I've seen claims (not from the zig team) that zig has 'complete spatial memory safety'. I suspect this is based on misreading earlier versions of this article where I used 'spatial safety' and 'temporal safety' as the names of the two groups above. I don't know of any formal definition of 'complete spatial memory safety', but any reasonable definition would surely be violated by the interior pointer example above.

How do these differences in mitigations actually translate to numbers of bugs?

In materialize we wrote ~140kloc of rust in the first 14 months while growing the team from ~3 to ~20 people. It's a complex system with high demands on both throughput and latency. We reached that point with (IIRC) only 9 unsafe blocks, all of which were in a single module and existed to work around a performance bug in the equivalent safe api. Despite heavy generative testing and fuzzing, we only discovered one memory safety bug (in the unsafe module, naturally) which was easy to debug and fix.

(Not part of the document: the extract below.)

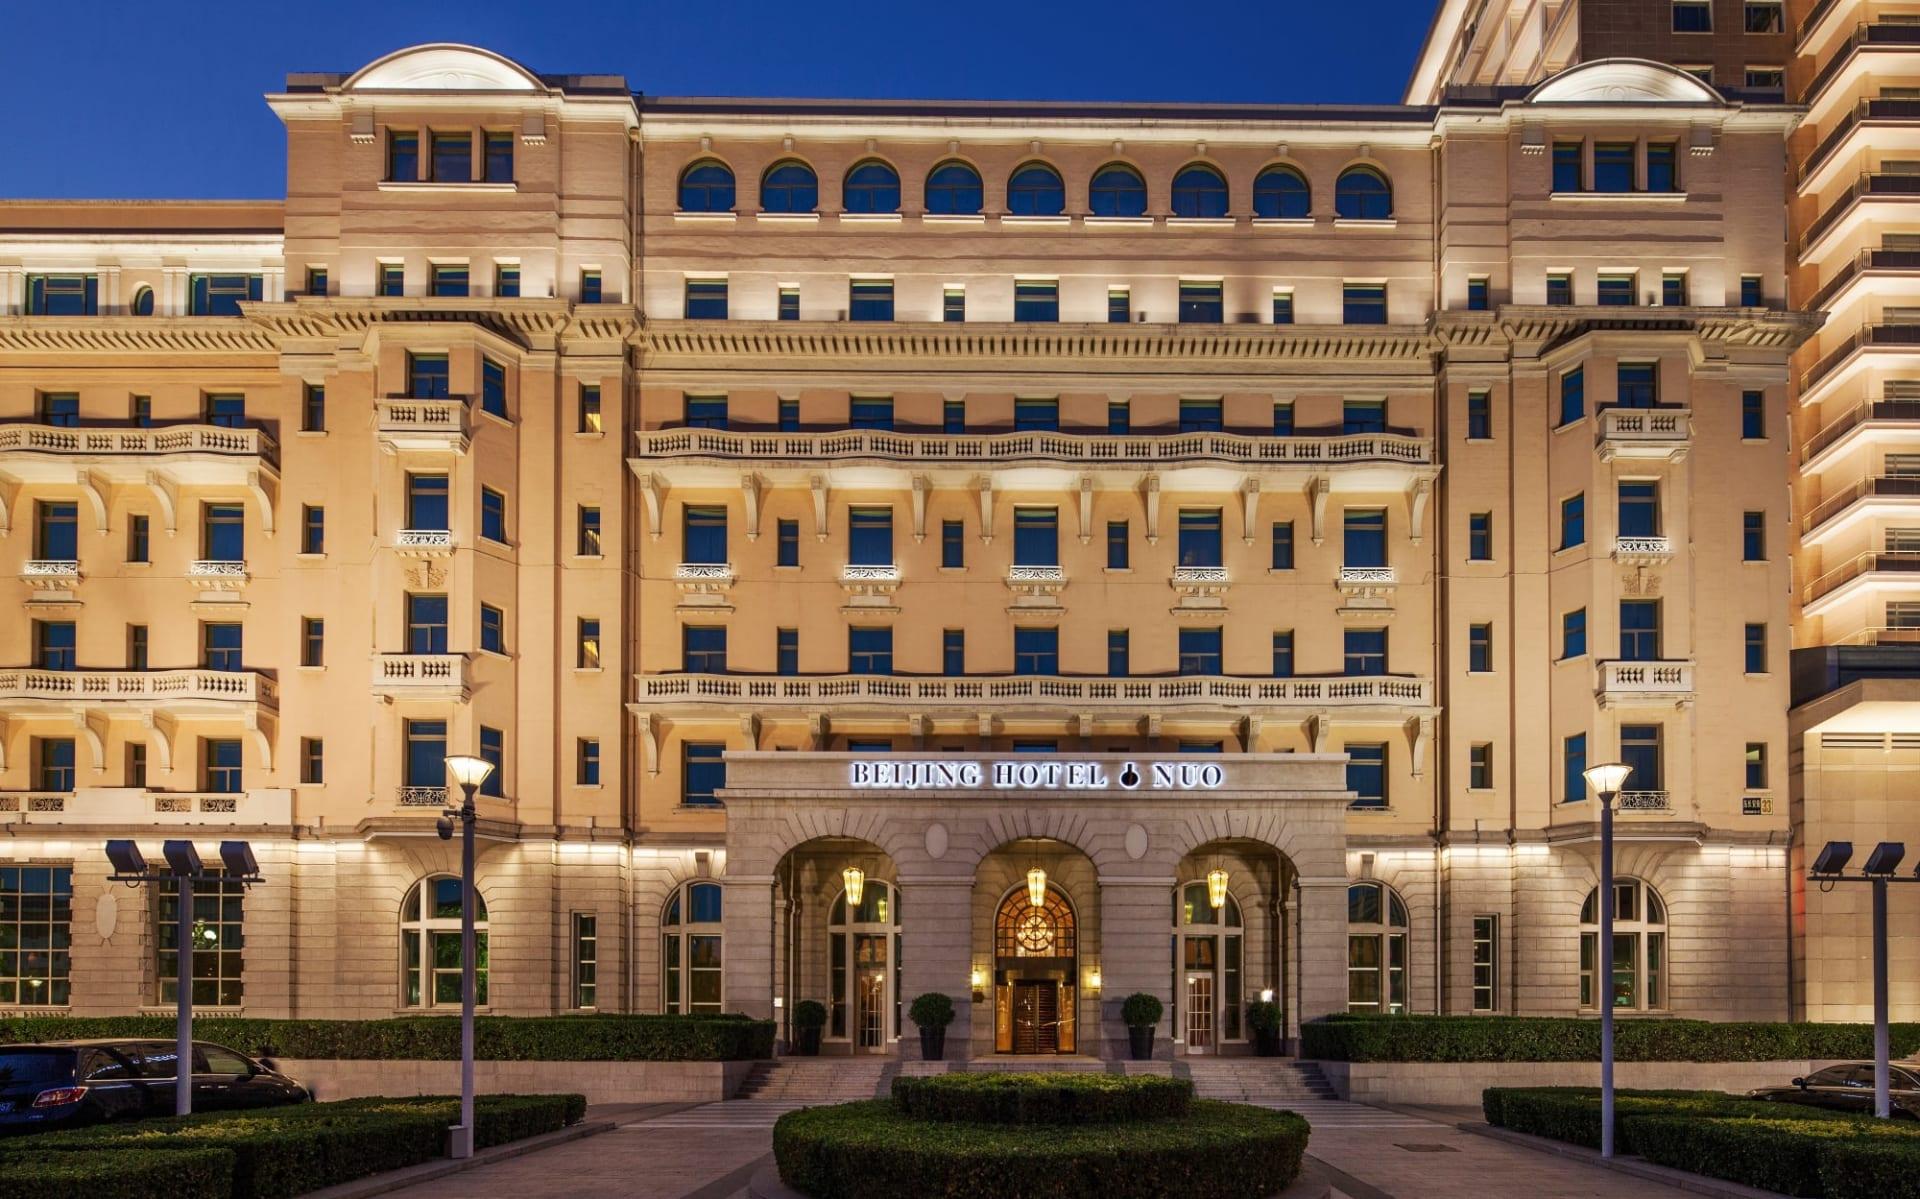 Beijing Hotel NUO in Peking: Exterior

By comparison, in several much smaller and much simpler zig codebases where I am the only developer, I run into multiple memory safety bugs per week. This isn't a perfect comparison, because my throwaway research projects in zig are not written carefully (=> more bugs added) but are also not tested thoroughly (=> fewer bugs detected). But it does make me doubt my ability to ship secure zig programs without substantial additional mitigations.

In at least one of those codebases, the memory safety bugs are outnumbered 20:1 by bounds-check panics. So I assume that if I wrote that same project in idiomatic c (ie without bounds checks) then I would encounter at least 20x as many memory safety bugs per week.

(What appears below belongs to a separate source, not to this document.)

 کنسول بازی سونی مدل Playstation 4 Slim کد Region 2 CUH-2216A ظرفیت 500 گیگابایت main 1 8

In an older version of this article I tried to use CVE reports to guesstimate how many CVEs would have been prevented by using zig instead of c or c++. This involved far too much guesswork to be informative so I have removed it.

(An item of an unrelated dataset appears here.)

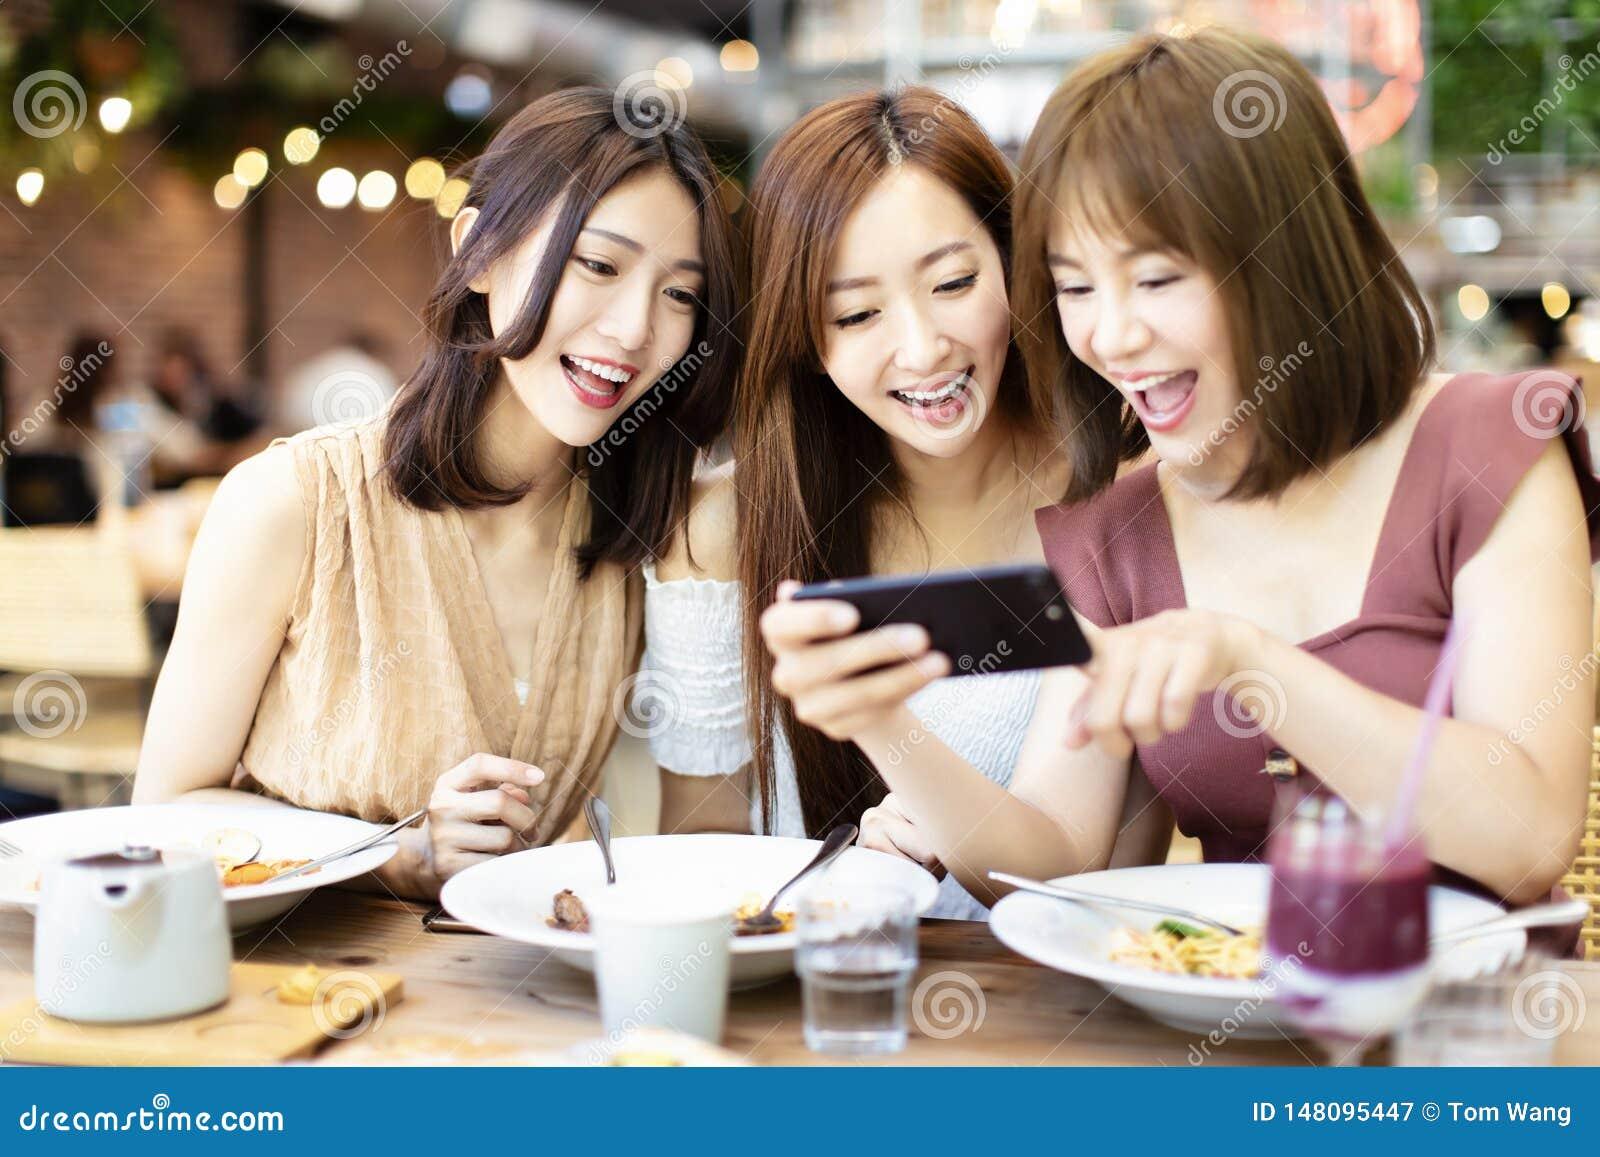 φίλοι που έχουν το γεύμα και που προσέχουν το έξυπνο τηλέφωνο στο εστιατόριο

I work mostly on query languages, database engines, streaming systems etc. Latency, memory usage and memory access patterns are critical. Until recently almost all of these systems were written in c, c++ or java.

In java, the typical strategy is to have the data plane operate on hand-packed off-heap buffers (eg arrow) so that the gc only has to traverse the much smaller heap in the control plane. This does work, but it's painful and the performance ceiling is usually lower than c++ (see eg redpanda vs kafka, scylladb vs cassandra, java vs c++ implementations of aeron).

On the other hand, it seems impossible to secure c or c++. Even a codebase as heavily tested as sqlite is vulnerable to code execution from untrusted sql. This isn't a fatal problem for traditional database deployments hidden behind a trusted backend server (as long as the backend prevents sql injection attacks). But it's a big deal for backend-as-a-service companies, multi-tenant cloud databases, and even operating systems like android/ios where apps aren't trusted but still need to access shared databases.

In this context rust is wildly appealing. The performance ceiling is similar to c++, the effort required for security is similar to java, and all of this comes packaged in a clean-slate design that had the chance to avoid the biggest mistakes of both. There are still some major pain points: the allocator api is still unstable and used by very few libraries which means that eg arena/slab allocation requires rewriting libraries, self-referential objects are still very limited, pinning is error-prone, there's no equivalent to placement new etc. But it's not as painful as manually packing bytes in java and trying to reason about performance of the jit and gc, or trying to expose a c++ program to untrusted input.

Despite that, I don't think that the future of data systems is rust, only rust and nothing but rust.

First, managed languages continue to push the performance ceiling:

Garbage collectors are constantly improving eg azul zing consistently trounces hotspot in latency benchmarks.

Historically, garbage-collected languages have been pointer-heavy and provided little control over memory layout, because a) it's easier to write a garbage collector for a language with simple layout and b) several decades ago, when most of these languages were designed, the relative cost of a cache miss was much lower. But this is changing. C# has value types and java is working on them. Julia's combination of value types and parametric struct types provides even more control - allowing writing eg btrees which store data inline. Newer languages also make it easier to provide zero-cost abstractions over manual byte-packing (eg blobs.jl).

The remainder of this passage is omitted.